From your end of the pond it probably seems like beaucoup de bruit pour rien — it’s hardly the American way to expect a job and certainly not to expect or demand a job for life.

This isn’t one of those you say potato, I say potatoh issues. As a Dutch expat on this BBC forum writes:
“I think Europe (and France) are at crossroads now: how do we preserve quality of life (“work to live”) versus competitiveness (“live to work”).

His American counterpart replies: “…How narrow minded do you have to be not to realize that reducing the risk to employers for taking a chance on hiring a youger worker will result in more youth being hired? This is only common sense. The only people who oppose this are those entrenched in the socialist/ communist mindset that promises a job for life, regardless of how inept you are. Keep it up, it means more jobs for the USA!”

Europeans aren’t ready to let go of the “right to work” concept — meaning a steady, long-term income where the worker, more or less, can’t be fired. It is what their parents had and what unions have convinced them is the natural order of things.

Germans, too, have been striking for the last seven weeks over a proposed rise in work hours and cut in bonuses.

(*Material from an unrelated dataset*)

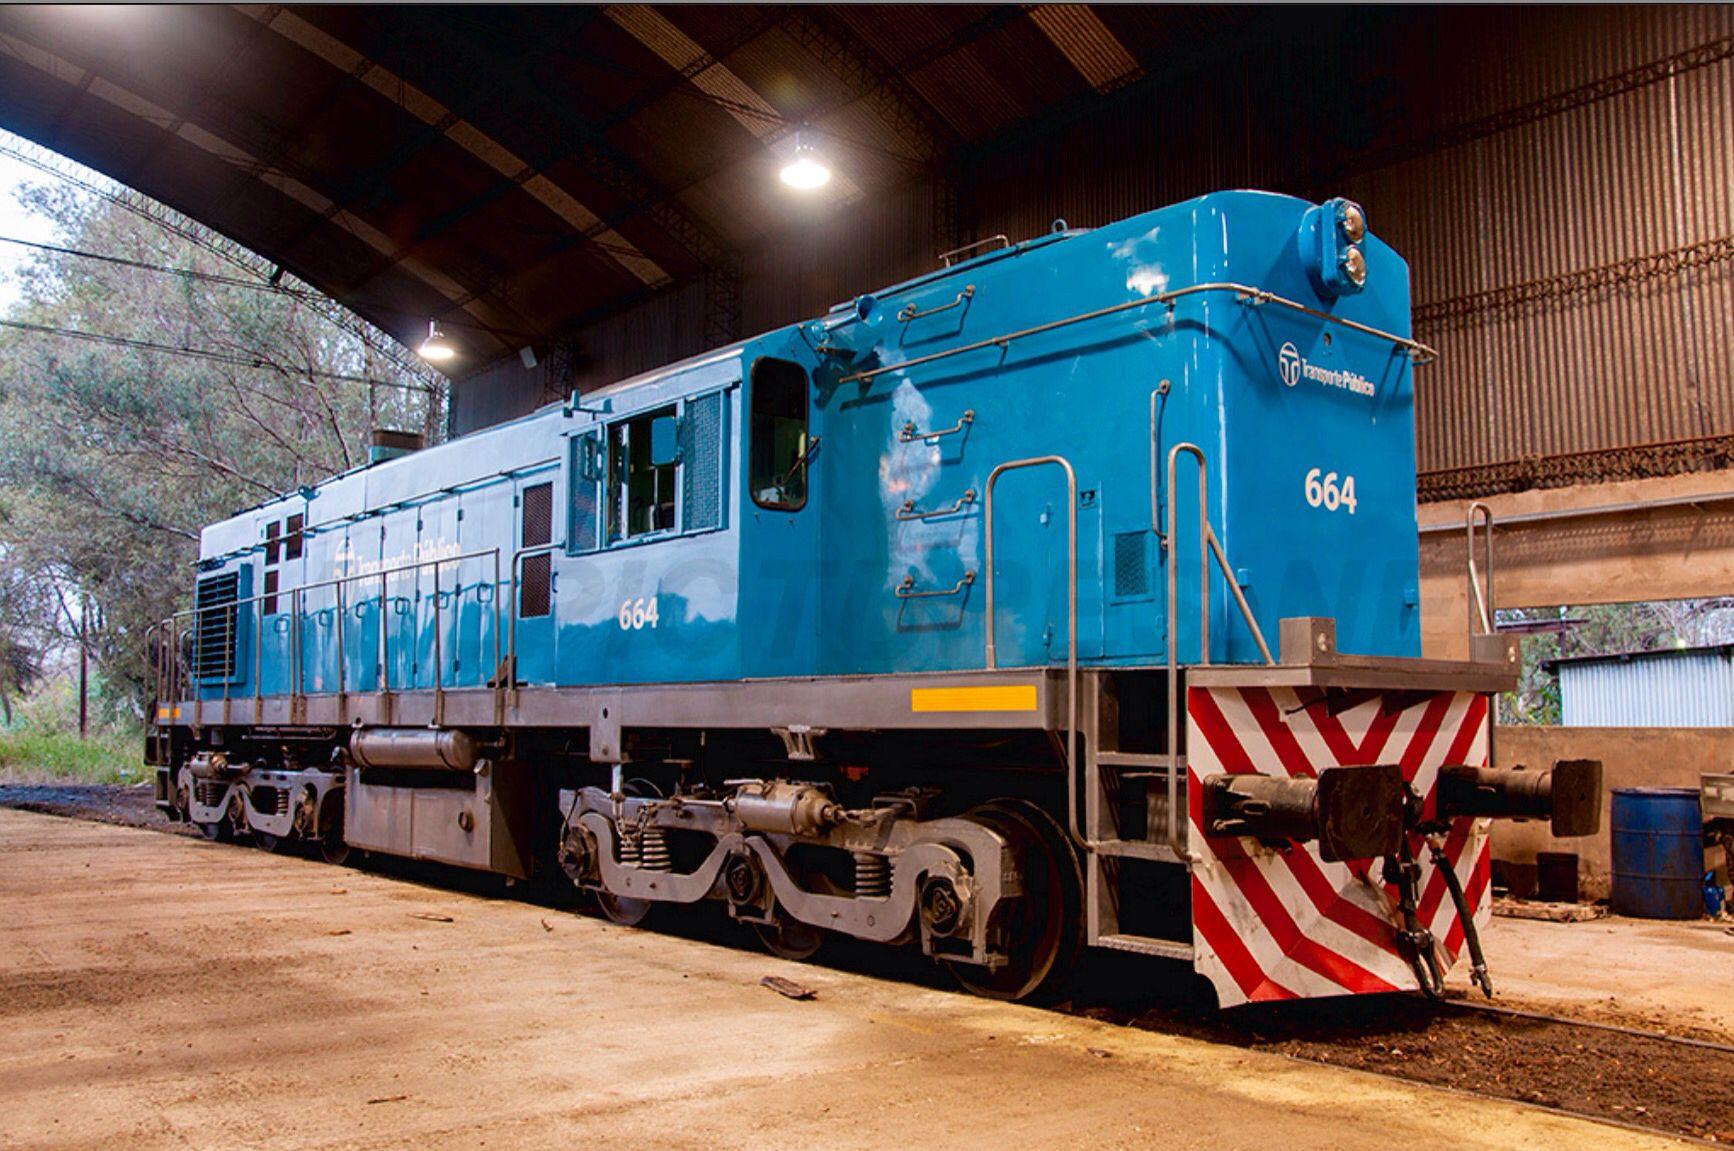 Trenes Argentinos,   Locomotive: ALCo DL 535 T, Location: Buenos Aires, Argentina, Locomotive #: D664

The hullabaloo across the Alps come at a time when Italians are having uneasy commemorations for the last technocrat who changed Italian labor law, Marco Biagi.
He was gunned down four years ago on March 19 for introducing apprenticeship contracts similar to those in France and the law that carries his name is still hotly debated

The reforms weren’t a magic solution to the stagnant job market. When the US-style laws promising job flexibility and more opportunites for young people met the Italian reality, strange things happened. A friend of mine here, for example, worked full time as a system administrator for a large multinational company. He was not hired by the company, but by a temp agency that renewed his contract every three months. This went on for years, until he was finally hired by a company that more or less outsources employees for companies who need, but don’t want to take on, full-time employees. The benefit of this bizarre arrangement, he says, is complete detachment to nearly everything that goes on at work. He has a job for life, but not a permanent workplace.